Não se pode escapar do envelhecer.
A velhice é um fato inconteste. Não se pode fugir de colecionar anos.
A gente não nasce velho. Ficamos velhos com o passar do tempo.
Há os que envelhecem aos menos de cinquenta. Já outros deixam a mocidade bem antes dos quarenta. Terceiros se tornam idosos prematuramente. Mas os felizes velhinhos assopram as velinhas rodeados por netinhos. E nem percebem a velhice chegar.
Não se pode escapar da incontestável verdade. Minha avozinha já dizia: “ninguém fica pra semente. Mente quem assim o diz.”
Abandono. Palavra que me soa dura. Difícil de pensar nela.
De vez em quando percebo. Assentado a um banco da praça. Um senhorzinho de maior idade, com aquele olhar perdido no vazio do nada. Um olhar inexpressivo que parece nada enxergar. Solitário, sem nenhures a olhar por ele naquele banco com mais espaço. Ninguém ao lado dele lhe faz companhia. Triste realidade que se manifesta quando ultrapassamos bem mais que a maioridade. Lá se vai distante a fase adulta. Tarde se foi a nossa doce infância.
Idosos cuidam dos filhos até que eles ficam maiores. Uma vez esses filhotes aprendem a voar sozinhos batem asas sem olhar o próprio ninho. E deixam o ninho paterno como filhos não pródigos. Constituindo outras famílias e se esquecem de onde nasceram. E nem ao menos fazem uma visitinha aos finais de semana. Para ver como seus pais estão de saúde. Se precisam de seus cuidados. Abandonados à própria sorte se esquecendo de um passado distante. Quando os pais zelavam por eles dando-lhes presentes de aniversário. Ou suprindo suas necessidades quando mais precisavam de ajuda.
Uma dia assisti, numa platéia onde faltaram aplausos. Uma cena que me comoveu.
Uma velhinha tristonha escreveu uma cartinha ao filho distante. Ela se queixava do abandono em que se encontrava. Numa casa de idosos ela esperava, pacienciosamente, a hora da partida rumo a outra vida.

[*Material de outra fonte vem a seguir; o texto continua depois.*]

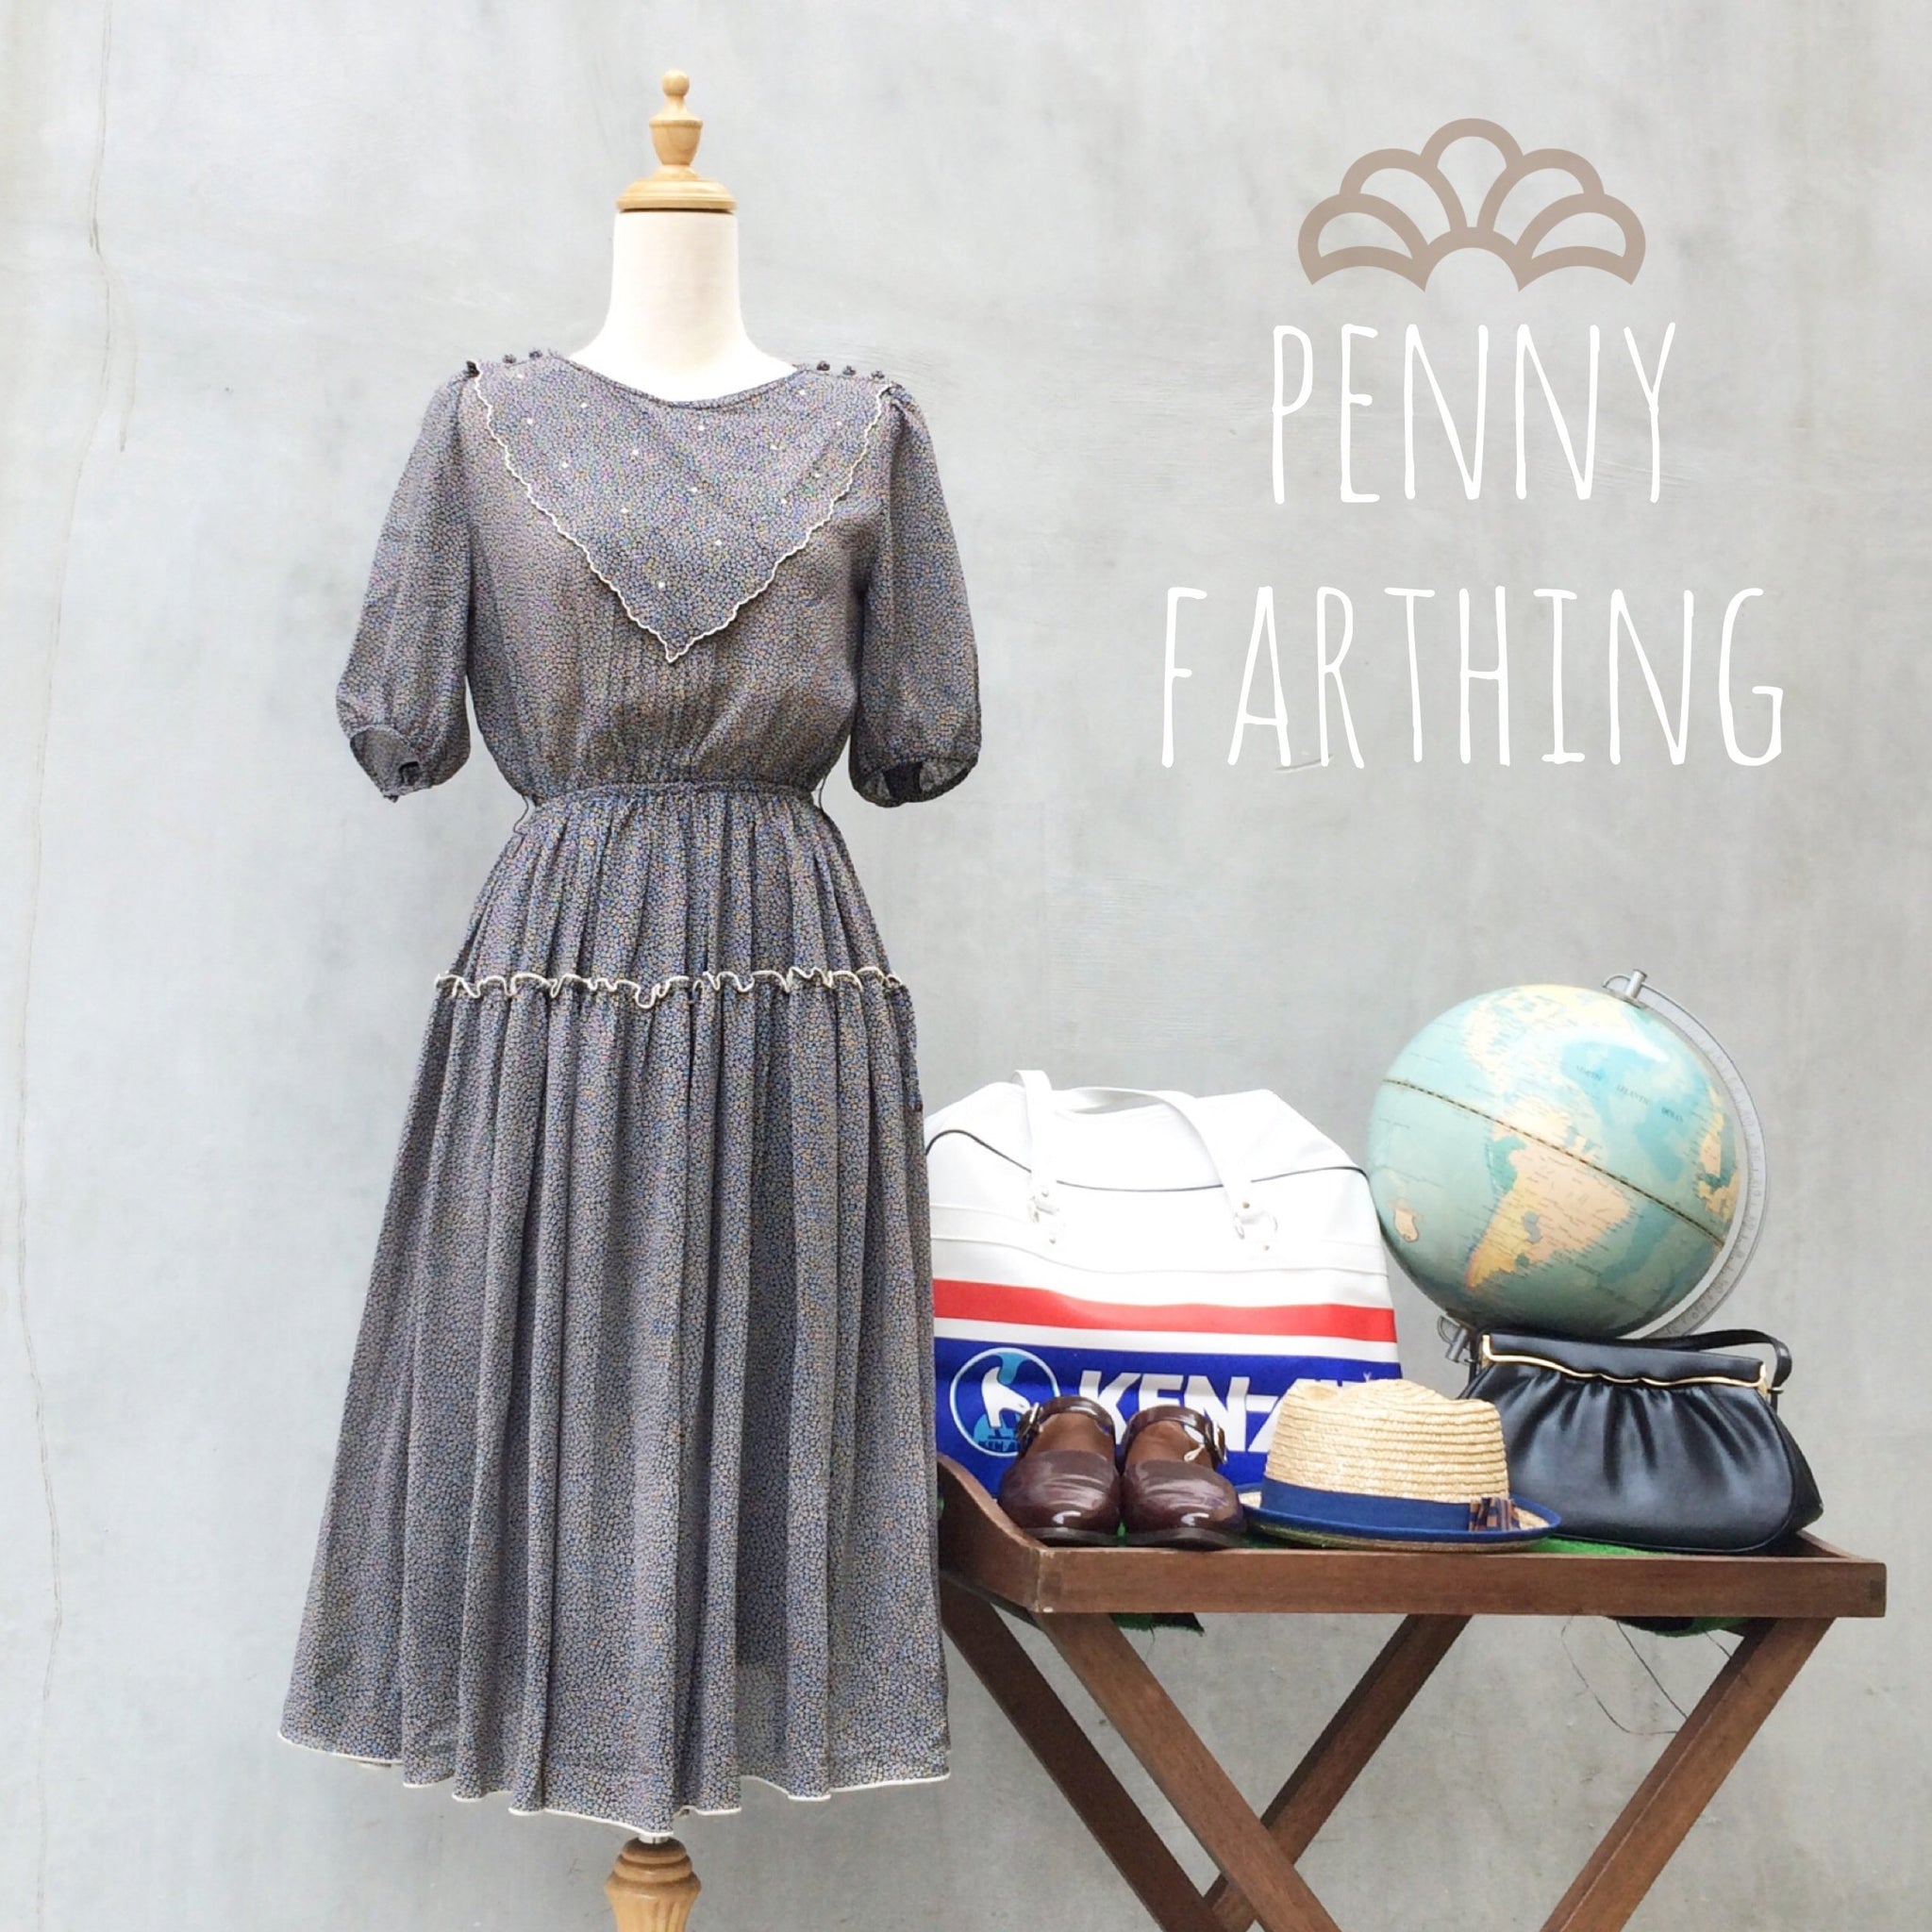 Penny Farthing | Vintage 1960s does 1920s gunne sax style Dress with triangle bib dickey

Assim deixou escrita sua missiva em letras borradas pelo sofrimento:
“Me leva pra rua meu filho. Eu ainda tenho pernas boas. Contigo não me sentirei velha. Convide-me para sua casa pelo menos no domingo de manhã para compartilhar sua boa mesa e me sentir acompanhada. Fale comigo com carinho, meu filho. Não me repreenda nem fique agitado. Os velhos são como crianças e gostamos de sermos mimados. De nos fazer sorrir sem discordar. Celebre minhas ocorrências e não critique minhas loucuras. Vou tentar ser corajosa mesmo se estiver triste. Não me afaste de você nem fale comigo com raiva. Eu ainda tenho minha mente limpa e as memórias do passado me assediam. Venha me visitar na minha casa enquanto eu vivo. Depois não importa que não irei saber se você veio. Não irei lhe pedir nada. Apenas sua presença e contemplar seu rosto e sua juventude pela qual passei. Não me deixe triste sozinha. Não me ponha na cama. Os médicos estão errados, as dores estão na alma”.
É dura a realidade do abandono. Cuide, ame seus pais quando ainda os têm.
Não deixe pro amanhã o abraço que não lhe demos. Afague-os, acarinhe-os, caminhe com eles mesmo que amuletados. E se não morar ao lado deles não se esqueça de visitá-los não apenas nos finais de semana e sim todos os dias.
Um dia seus pais não vão estar mais aqui. E no céu não vai ser possível fazer-lhes uma visita. Agora é a hora. Amanhã vai ser outro dia.
Sei que é dura a realidade do abandono. Aquele velhinho, assentado a um banco da praça, de olhar vazio, em muito se assemelha ao meu saudoso pai. Quando o tive em meus braços pela última vez.